After the experiment, Hwang and Won analyzed the chat logs of team conversations to determine how often participants offered ideas or arguments. They also asked participants to reflect on the level of support offered, their team’s experience, and whether they personally felt marginalized, either by their human teammates or the bot.
“When we looked at participants’ actual behaviors, that’s where we started to see differences between men and women and how they were reacting when there was either a female agent or a male agent on the team,” she said.
“One interesting thing about this study is that most participants didn’t express a preference for a male- or female-sounding voice,” Won said. “This implies that people’s social inferences about AI can be influential even when people don’t believe they are important.”
When women were in the minority, they participated more when the AI’s voice was female, while men in the minority were more talkative but were less focused on tasks when working with a male-sounding bot, researchers found.
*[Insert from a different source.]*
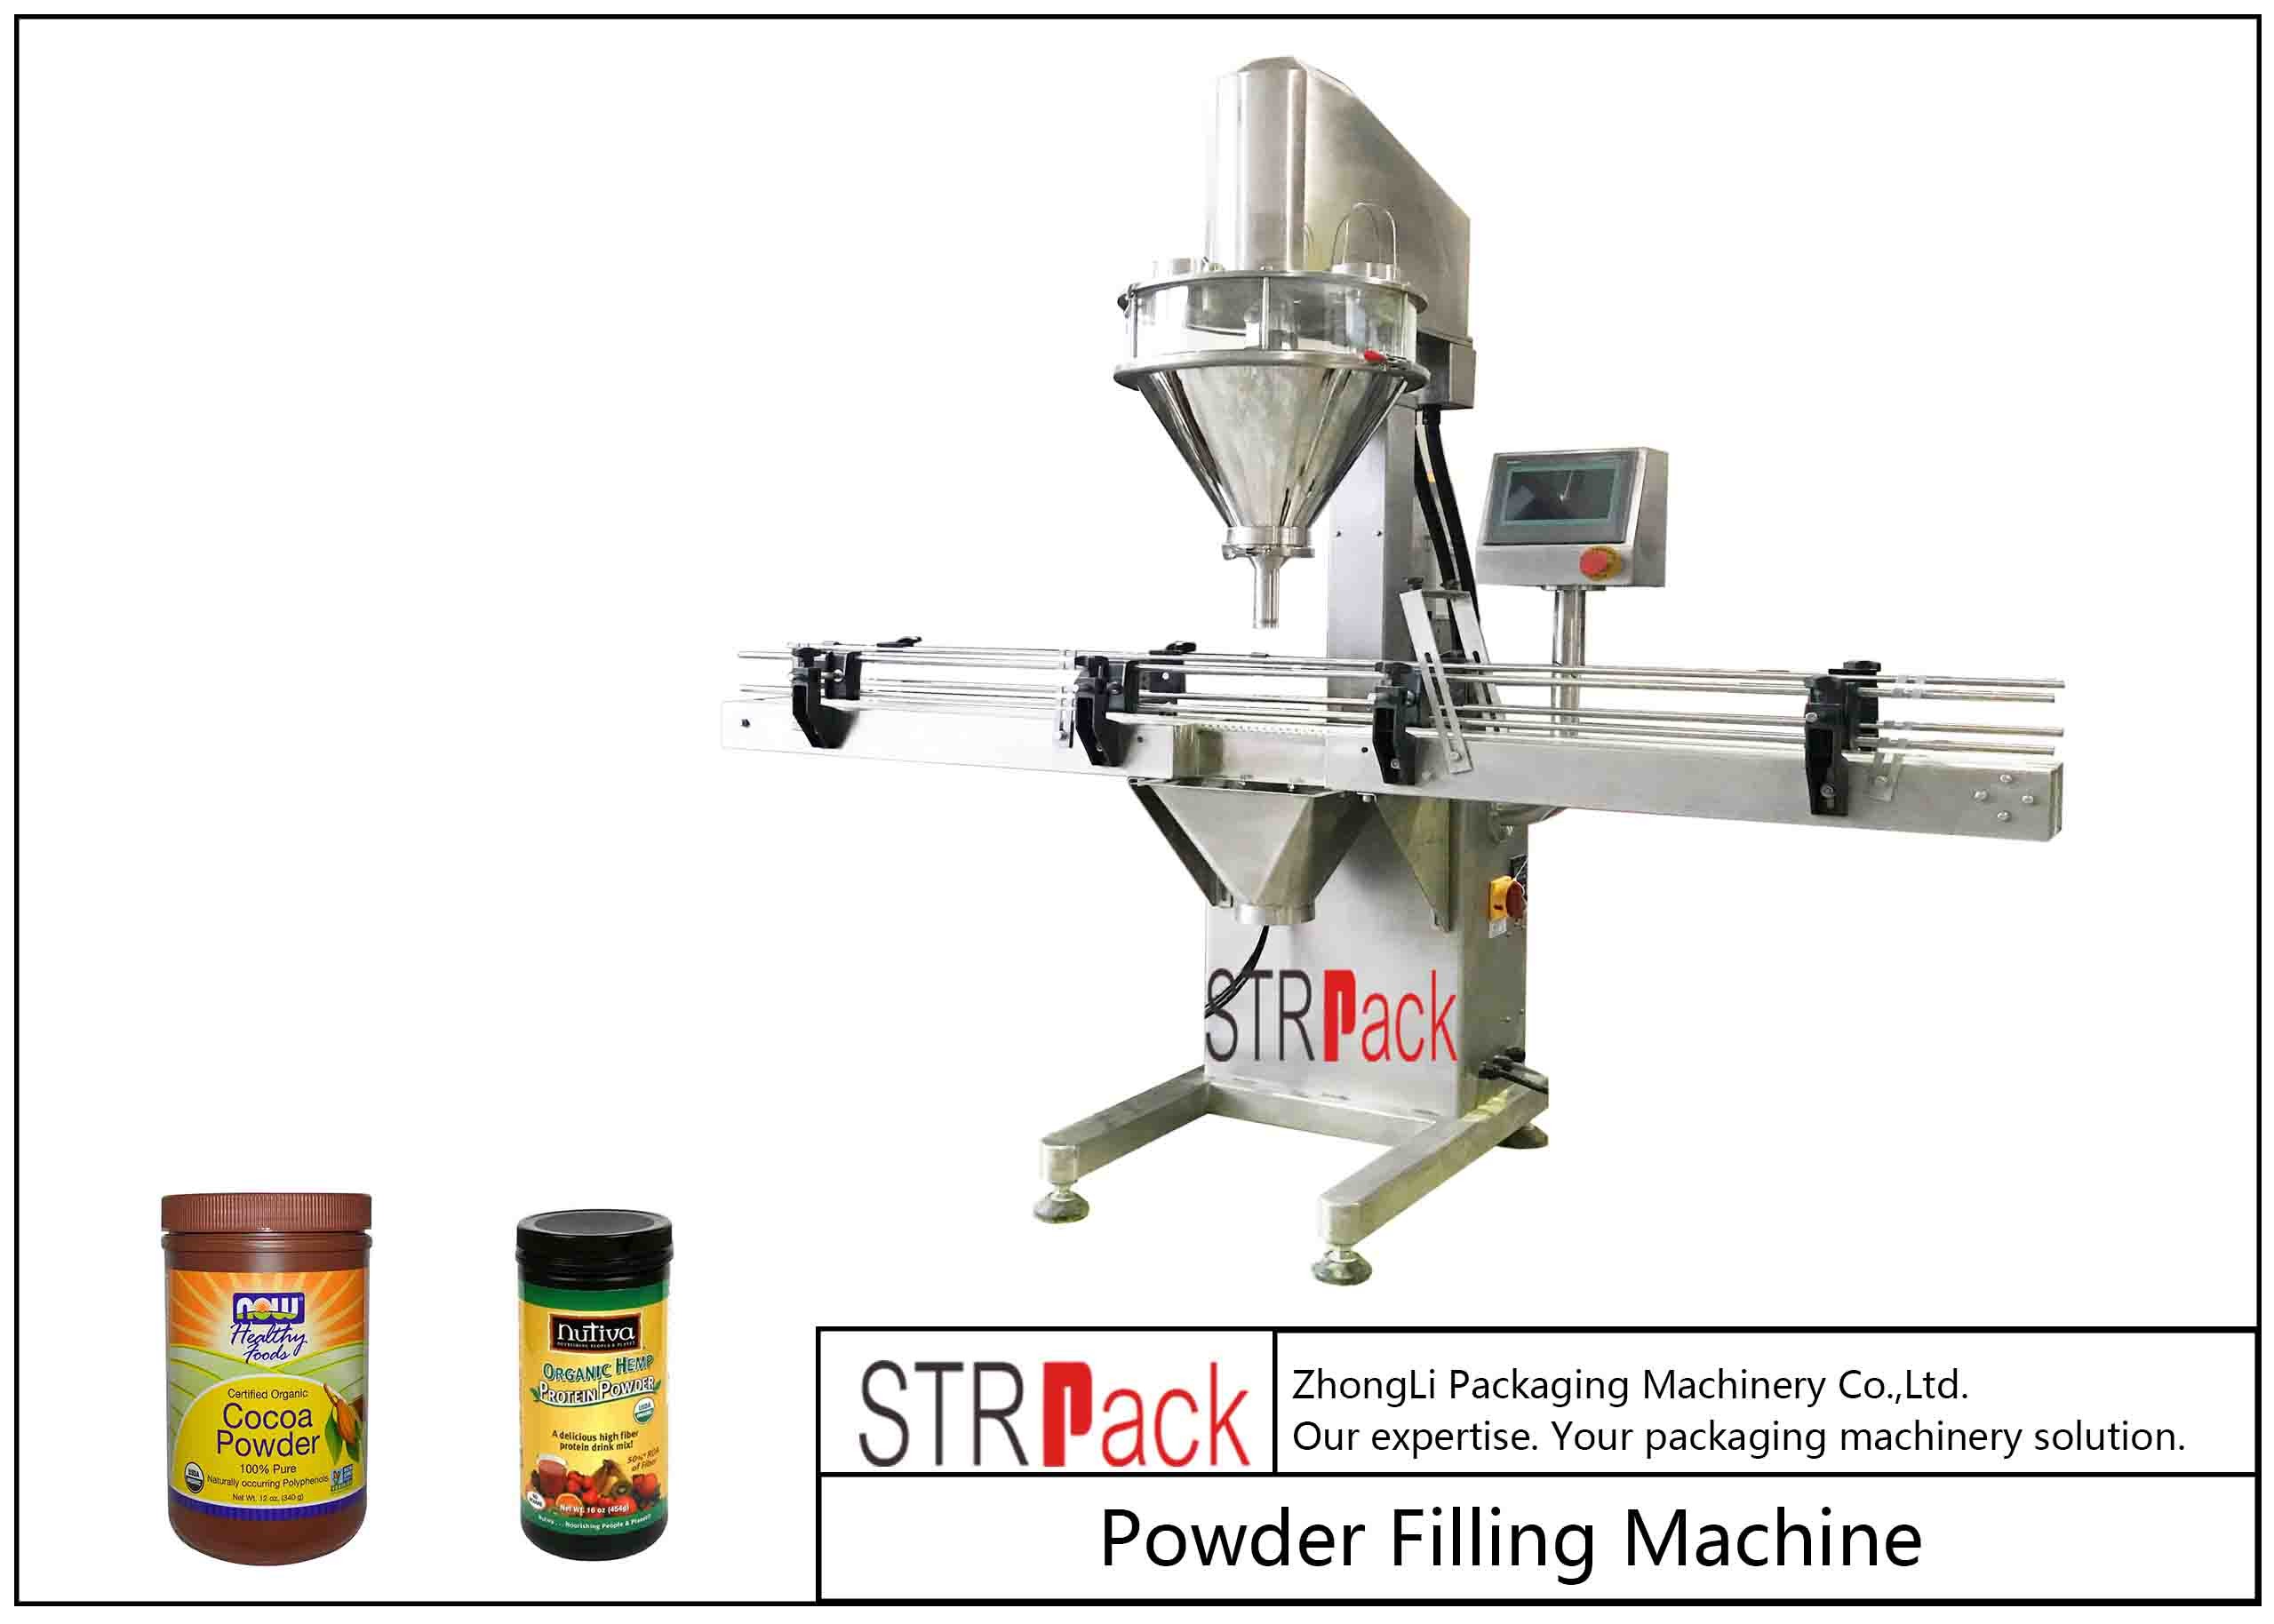 10g-5000g Linear Automatic Powder Filling Machine 50 BPM Speed With 25L Hopper

Unlike the men, women reported significantly more positive perceptions of the AI teammate when women were the minority members, according to researchers.
“With only a gendered voice, the AI agent can provide a small degree of support to women minority members in a group,” said Hwang, who will join the faculty of the Annenberg School for Communication and Journalism at the University of Southern California this Fall.
As to why, Hwang points to existing research into team dynamics.
“We often feel more at ease and thus work better on teams with people who are like us,” she said.